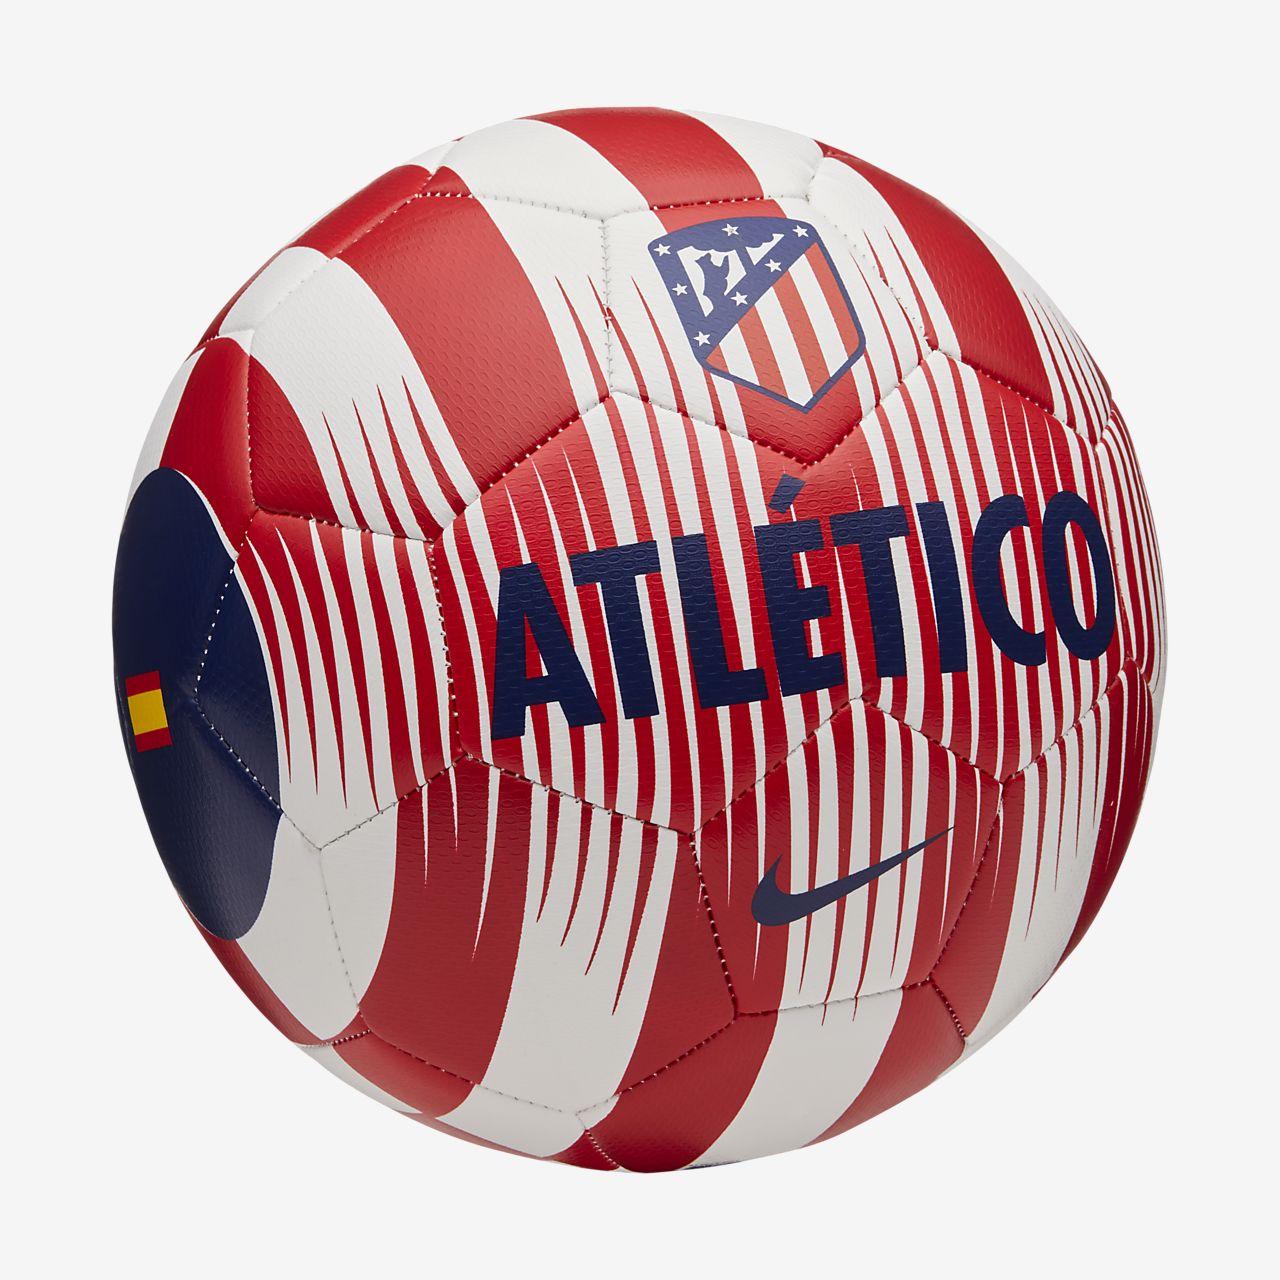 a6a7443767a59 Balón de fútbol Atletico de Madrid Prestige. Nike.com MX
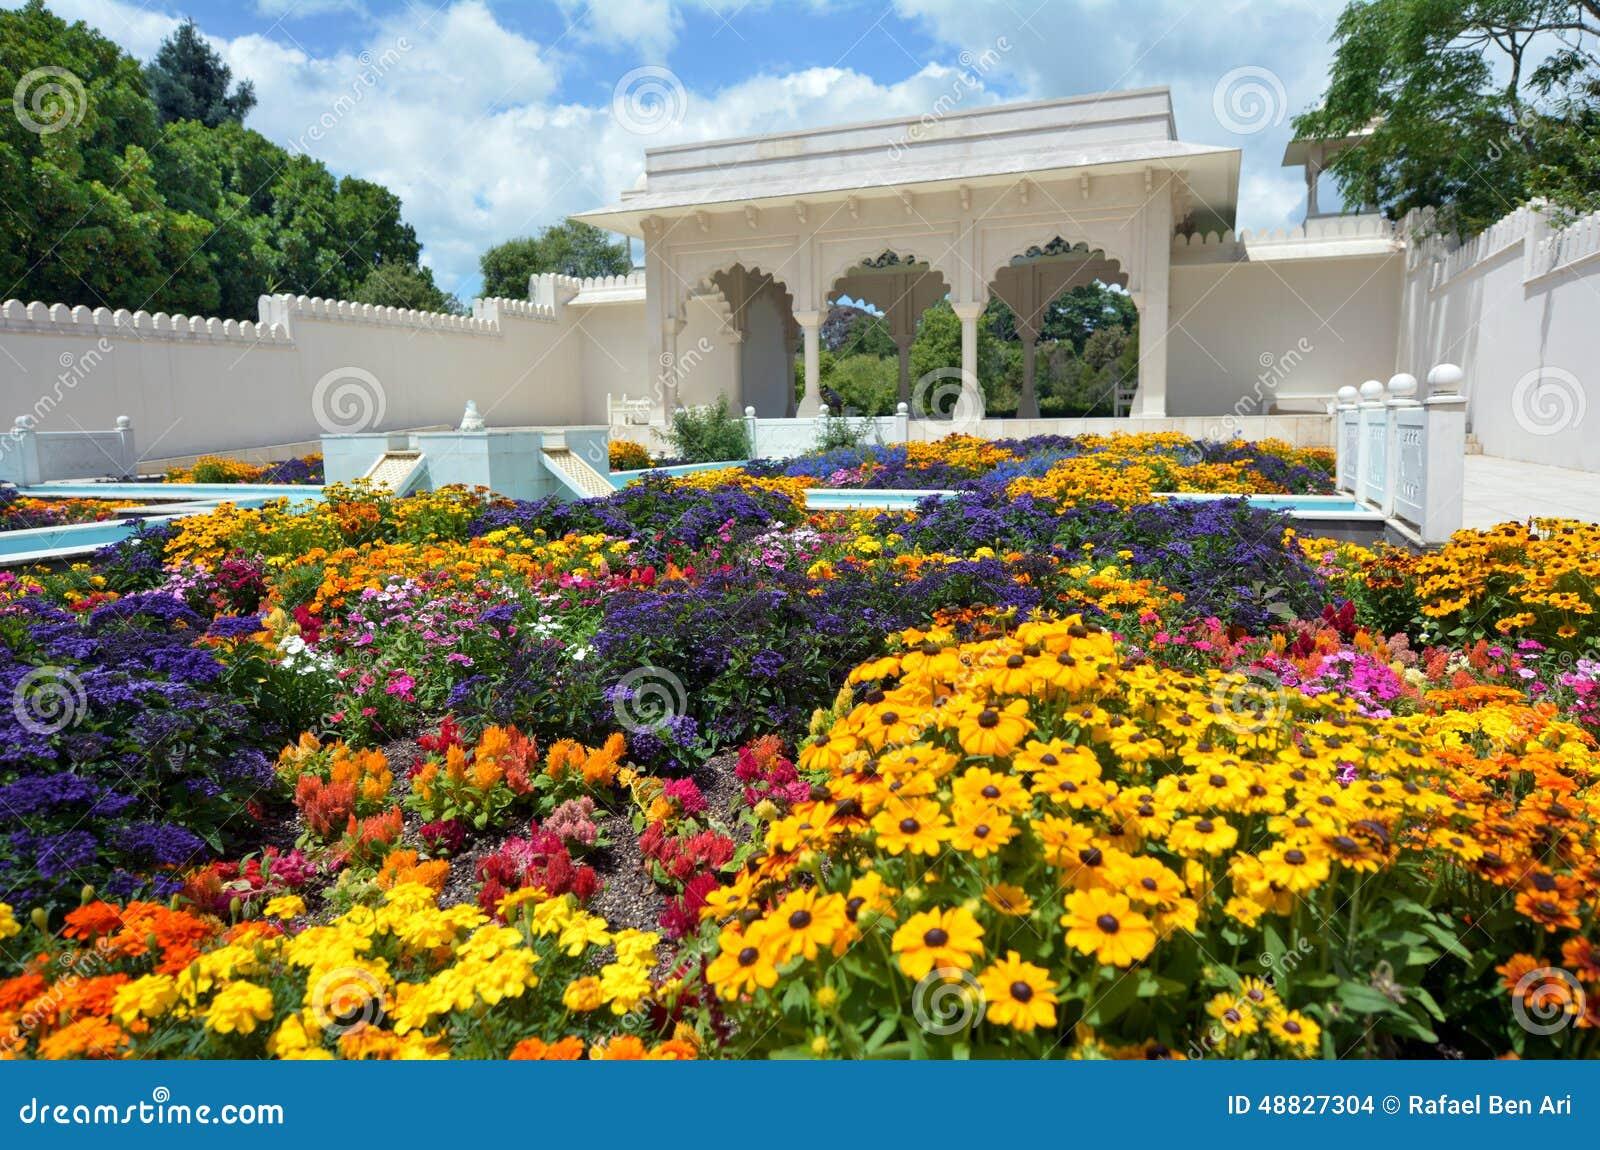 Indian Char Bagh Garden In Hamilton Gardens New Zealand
==
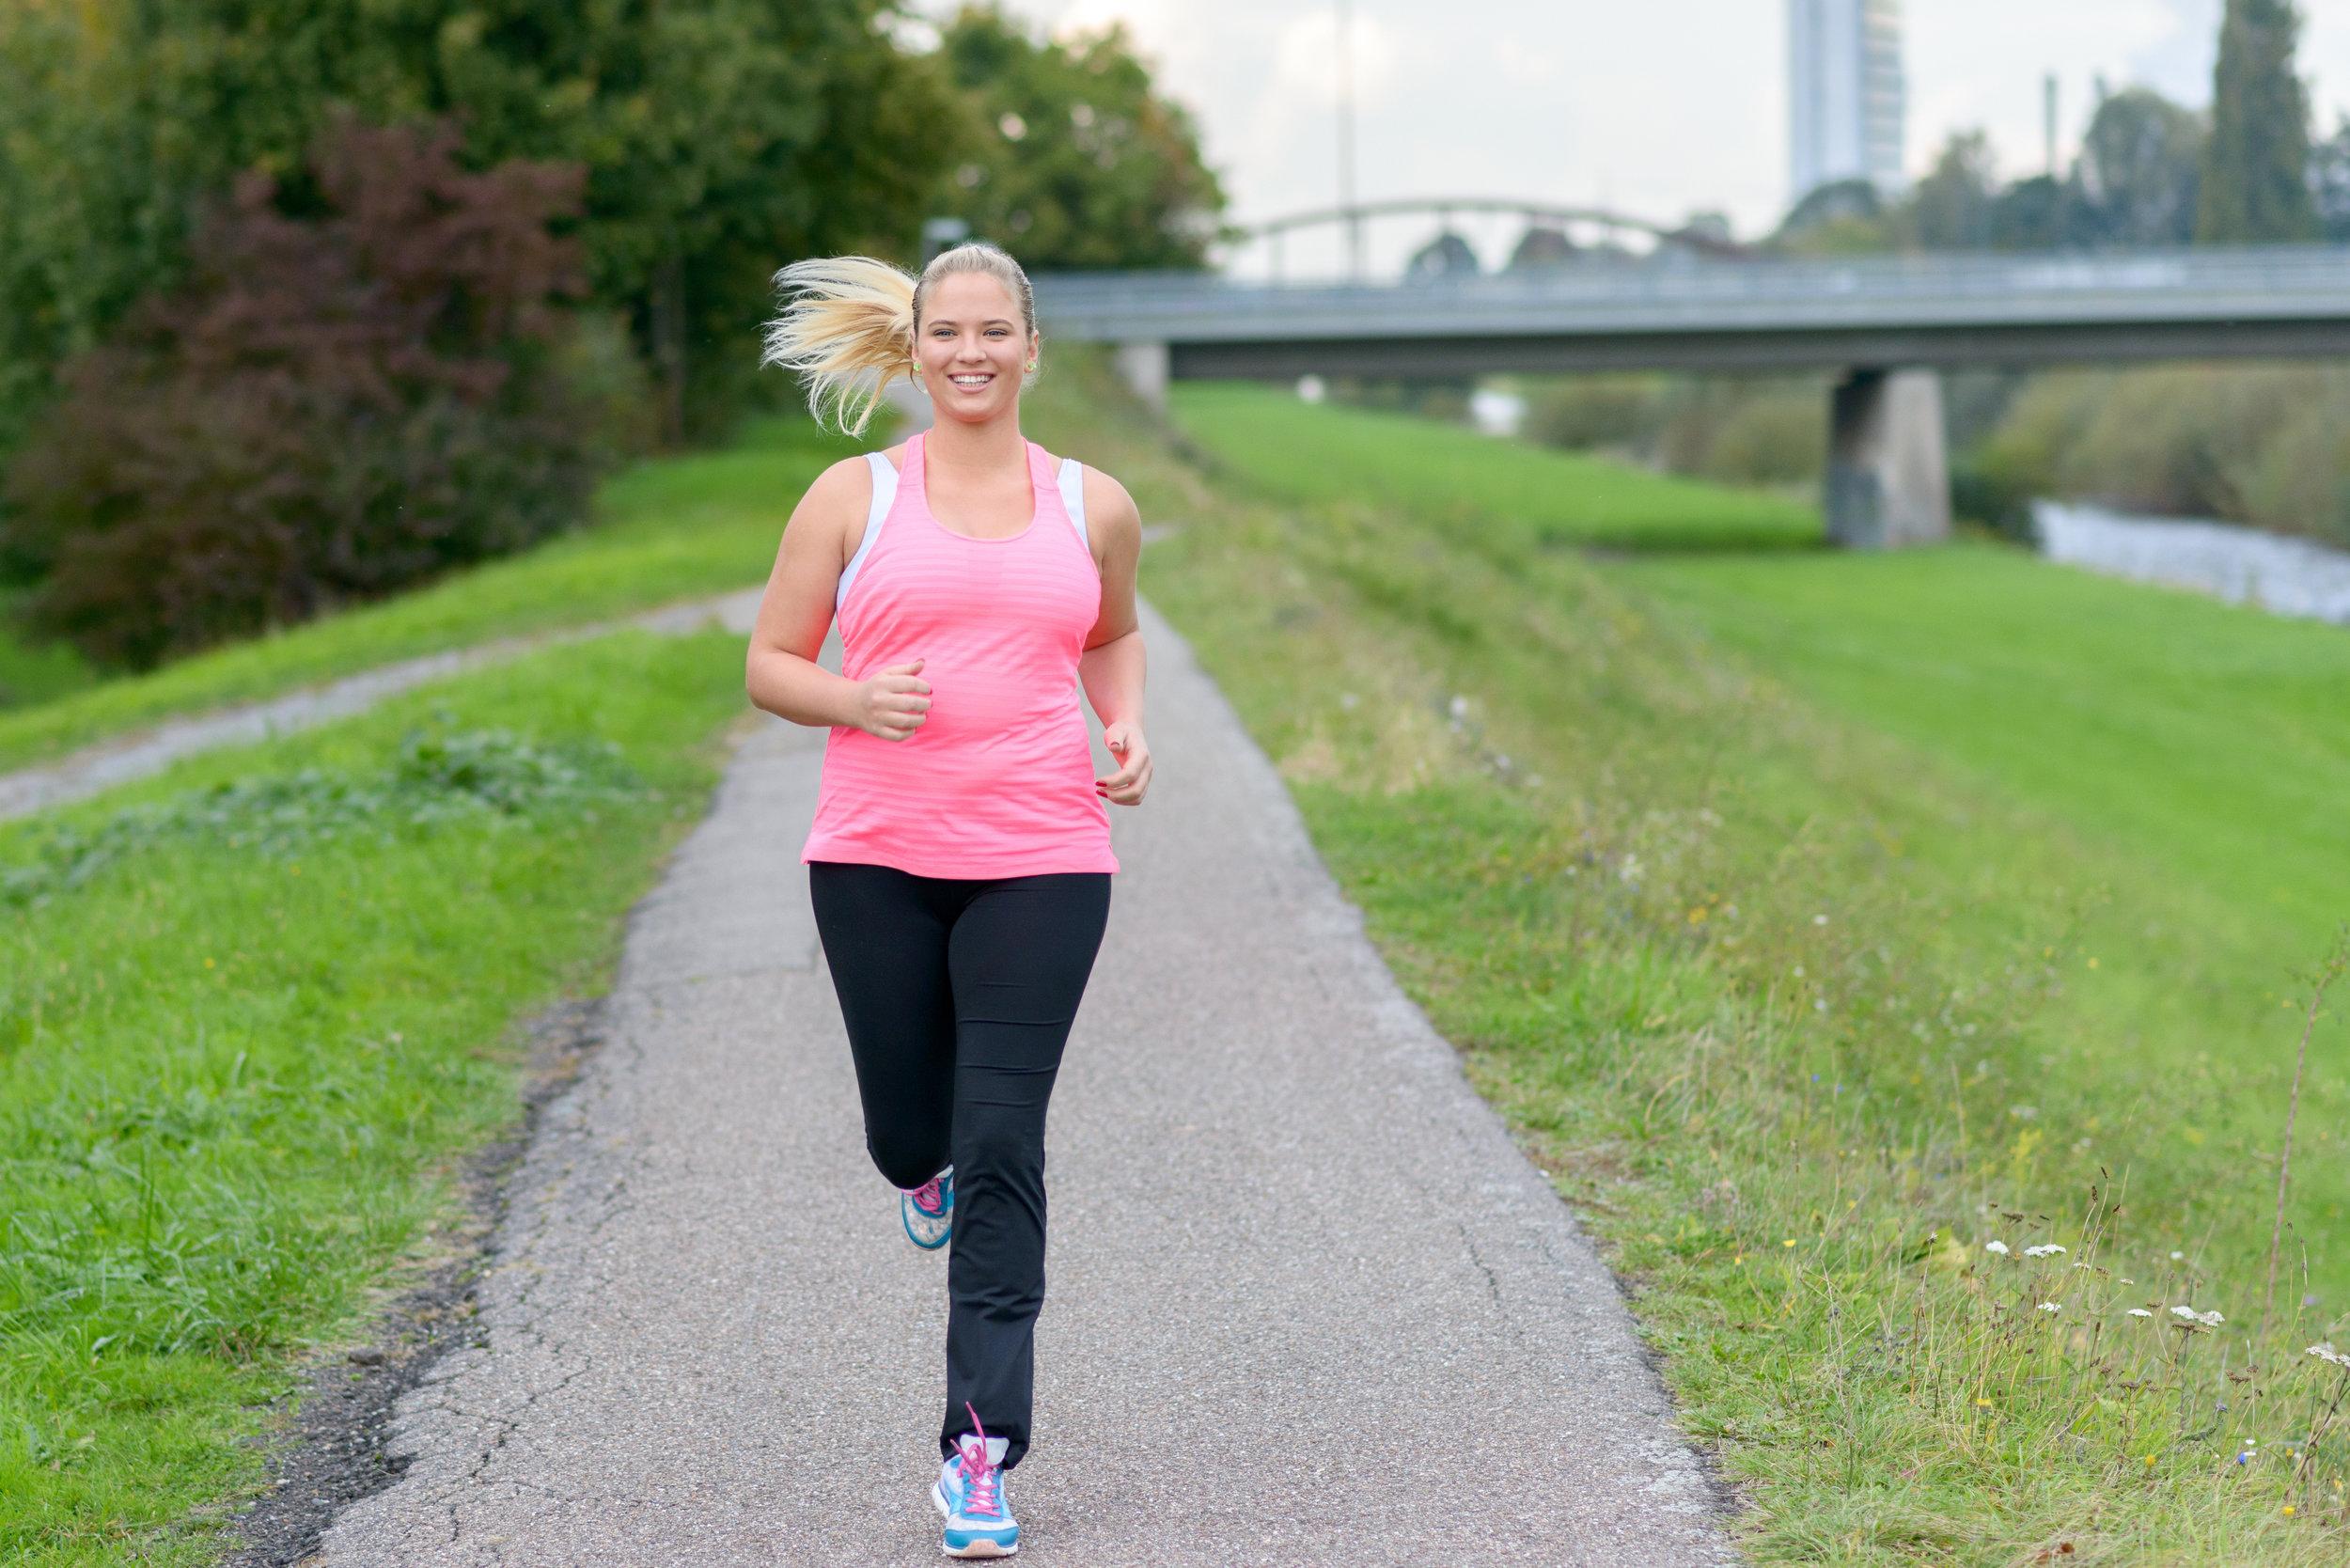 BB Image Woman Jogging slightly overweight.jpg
...
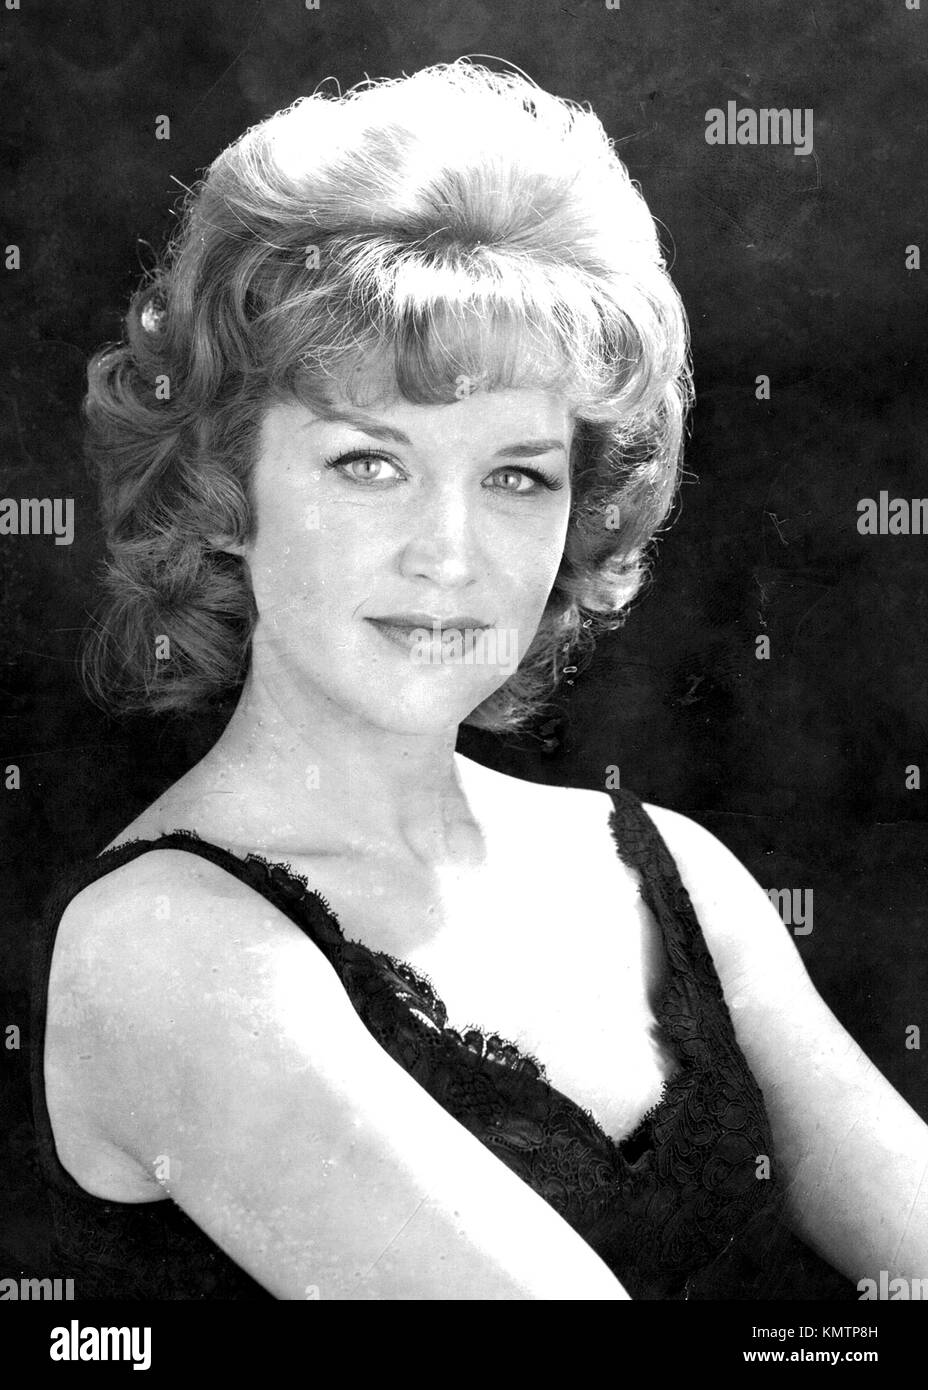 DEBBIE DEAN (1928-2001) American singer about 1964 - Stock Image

- Problem to solve
Would you print exactly the lines in the listing above, from the line bearing "a6a7443767a59 Balón de" through the line bearing "Indian Char Bagh", leaving out all pictures?

- Written reply
 a6a7443767a59 Balón de fútbol Atletico de Madrid Prestige. Nike.com MX
 Indian Char Bagh Garden In Hamilton Gardens New Zealand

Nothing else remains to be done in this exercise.